OpenStack runs on Linux, but it has many moving parts. SUSE and Mirantis want to be your cloud integrator.
Written by Steven Vaughan-Nichols, Senior Contributing Editor

I like OpenStack, the open-source infrastructure-as-a-service (IaaS) cloud, but it is not easy to set up.

OpenStack Logo

SUSE and Mirantis are joining forces to support OpenStack and gain more cloud marketshare.

So, some companies, such as Red Hat, offer OpenStack software stacks to help companies with this. SUSE, another Linux pioneer, has also tried this approach with its OpenStack offerings. Now SUSE is trying something a little different. In partnership with Mirantis, the pure-play OpenStack company, the two companies are offering Mirantis OpenStack customers support for both SUSE and Red Hat enterprise Linux distributions.
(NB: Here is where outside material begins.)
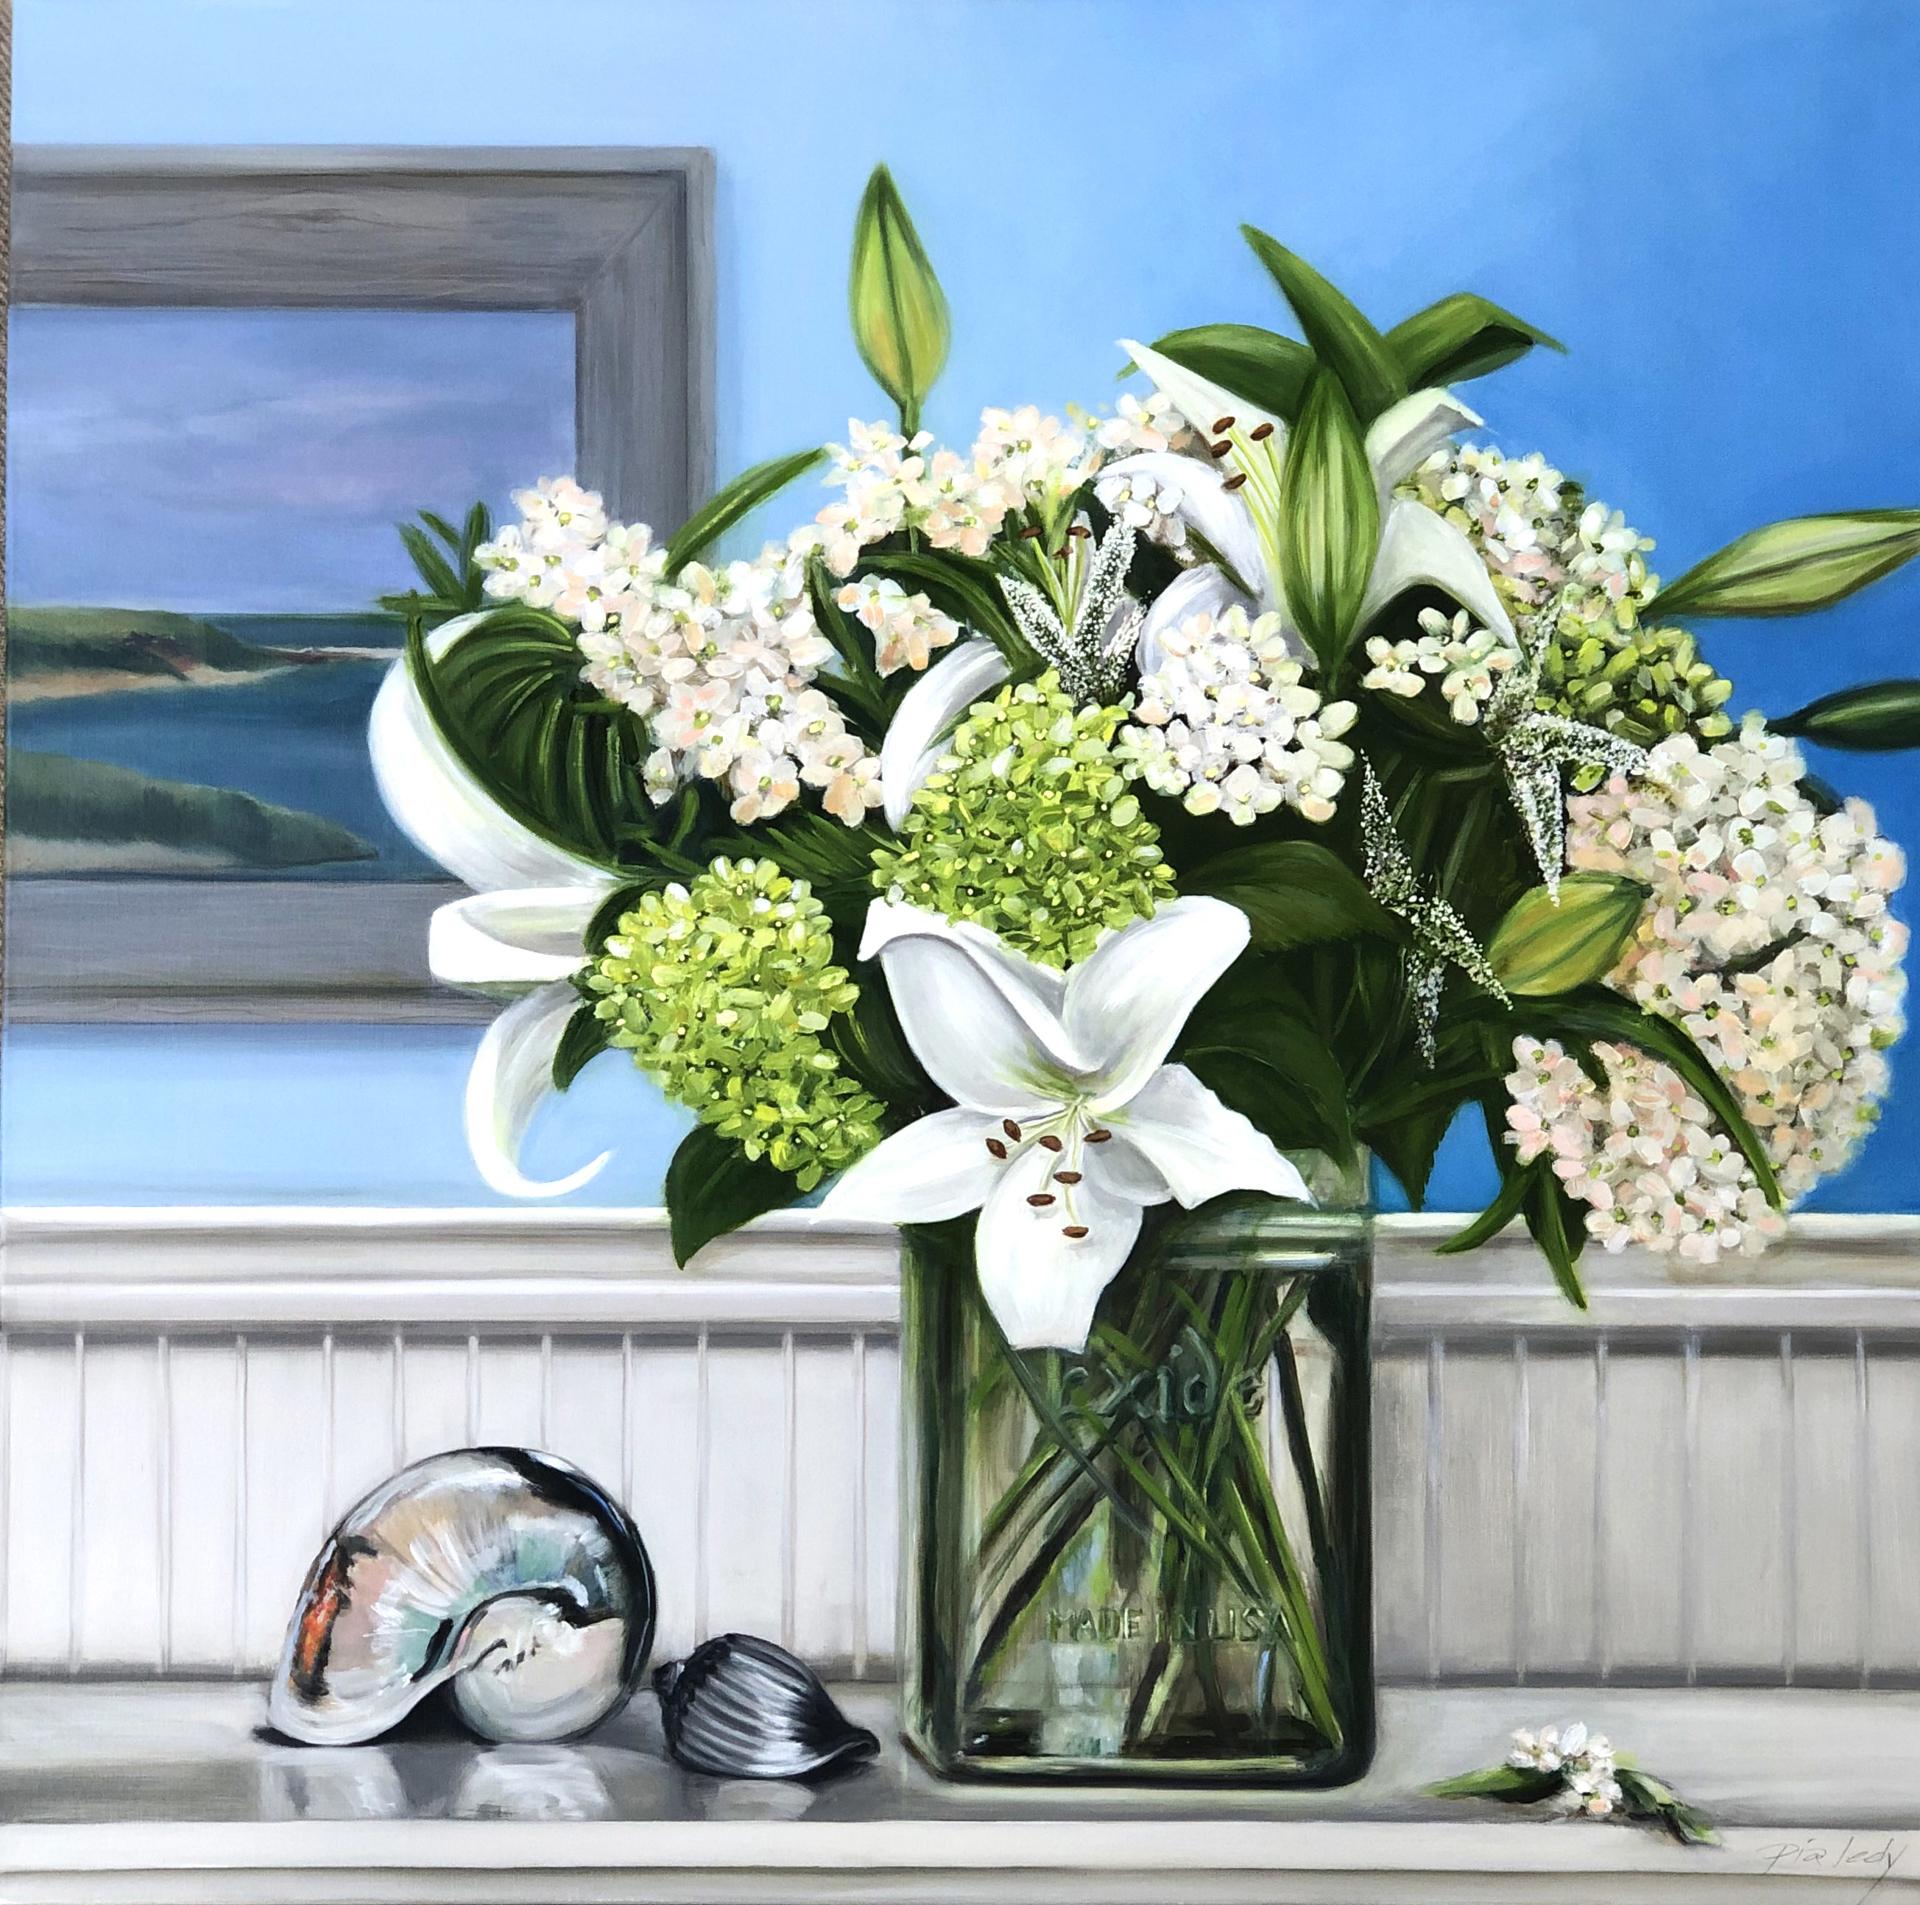 Lilies & Hydrangea by Pia Ledy

The two will work on optimizing SUSE Linux Enterprise Server (SLES) for Mirantis OpenStack. SLES will become a Mirantis OpenStack development platform. At the same time, SUSE and Mirantis will work on supporting Red Hat Enterprise Linux (RHEL) and CentOS, the Red Hat's community enterprise operating system.

Specifically, Mirantis will offer support, patches, and updates for current versions of SLES, RHEL, and CentOS. Priority subscriptions are available in single or three-year terms and include security and other updates plus 24x7x365 email and phone-based support -- with guaranteed one-hour response time.
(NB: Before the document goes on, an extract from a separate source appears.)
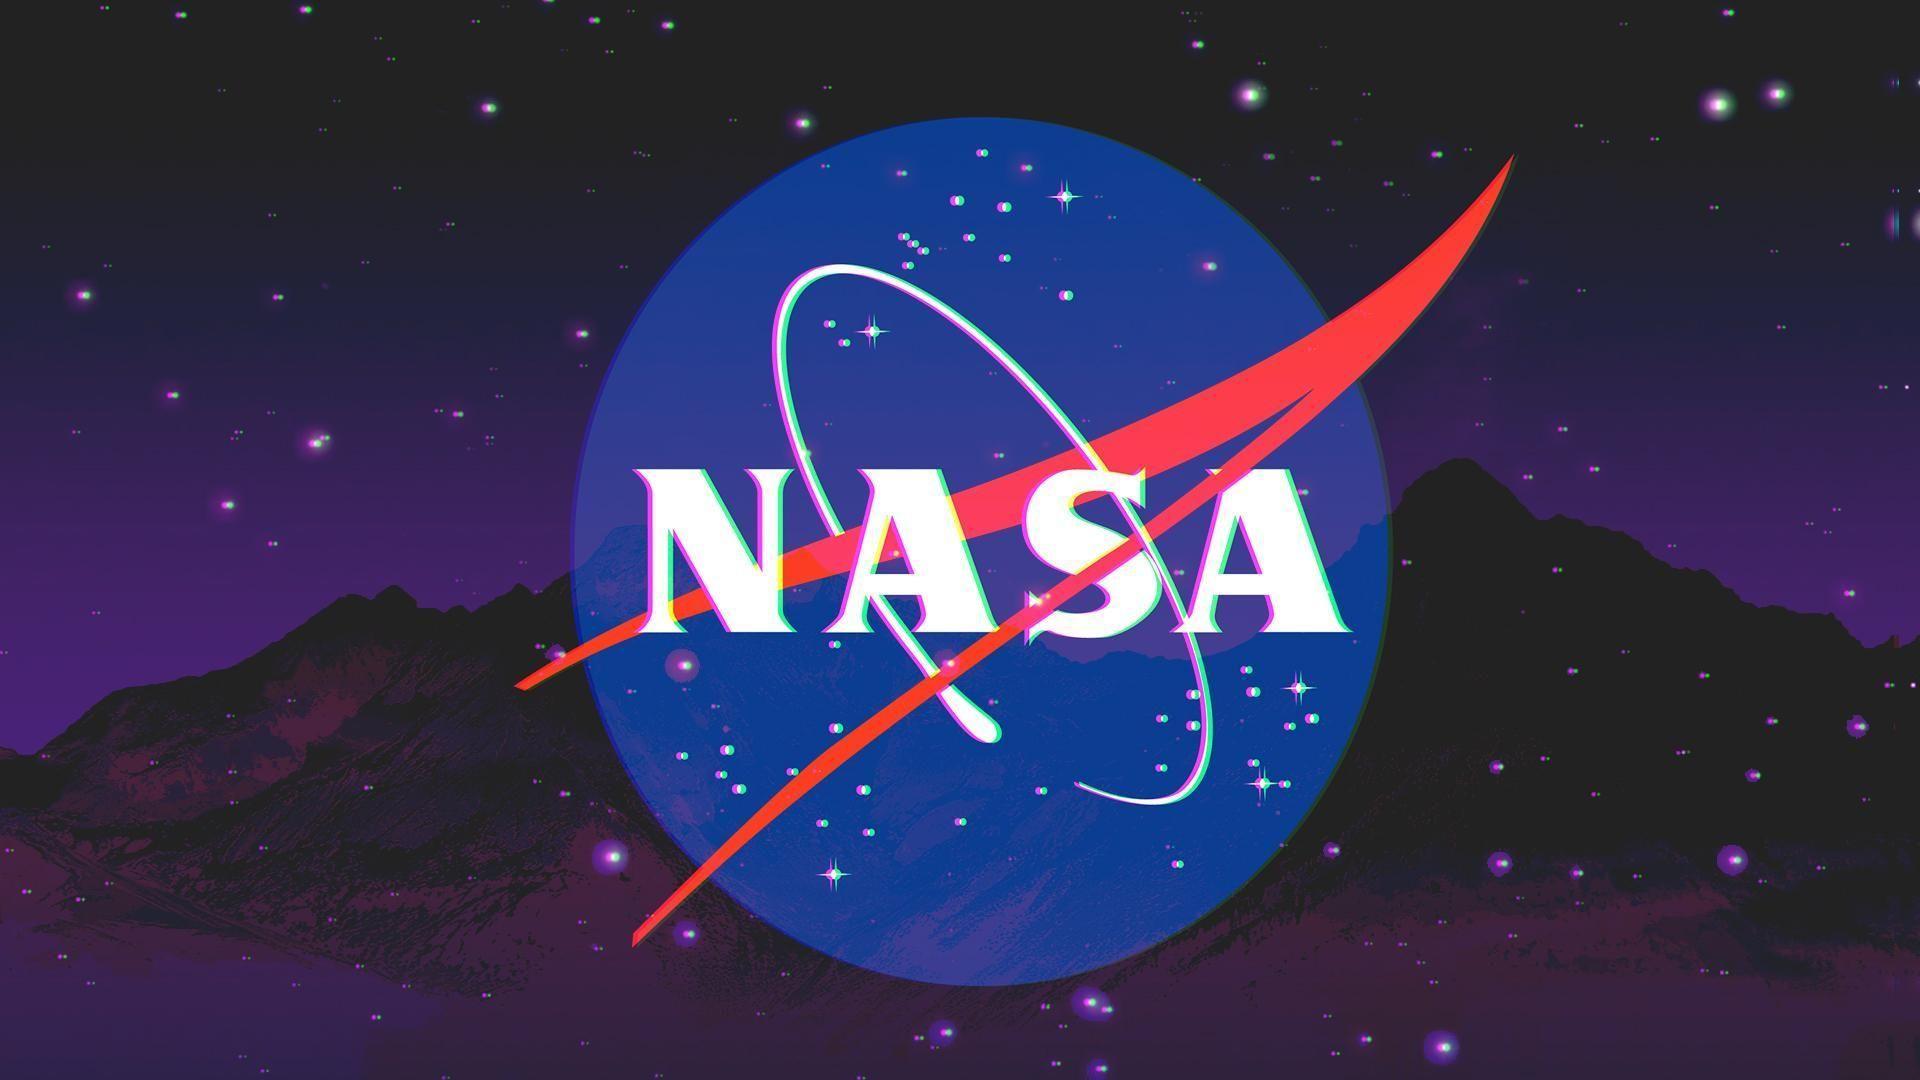 Nasa Logo Wallpapers Top Free Nasa Logo Backgrounds

"Many of our larger customers run two or three different Linux flavors. Now OpenStack users can get support for their major Linux distributions in one place from Mirantis," said Mirantis co-founder and CMO Boris Renski in a statement. "Thousands of enterprises worldwide across major industries count on SUSE because they offer enterprise-grade, high reliability, bet-your-business service level agreements. Partnering with SUSE gives Mirantis customers access to this support as they build their private cloud."

SUSE will not be closing the doors on its own OpenStack distribution. According to Michael Miller, SUSE's president of strategy, alliances and marketing, customers can still choose between SUSE OpenStack Cloud and Mirantis OpenStack.

While RHEL, SLES, and CentOS are all popular OpenStack platforms, the most popular OpenStack Linux of all, Canonical's Ubuntu, isn't supporting this new alliance. I foresee much jockeying for position still in the vast collection of companies that support OpenStack.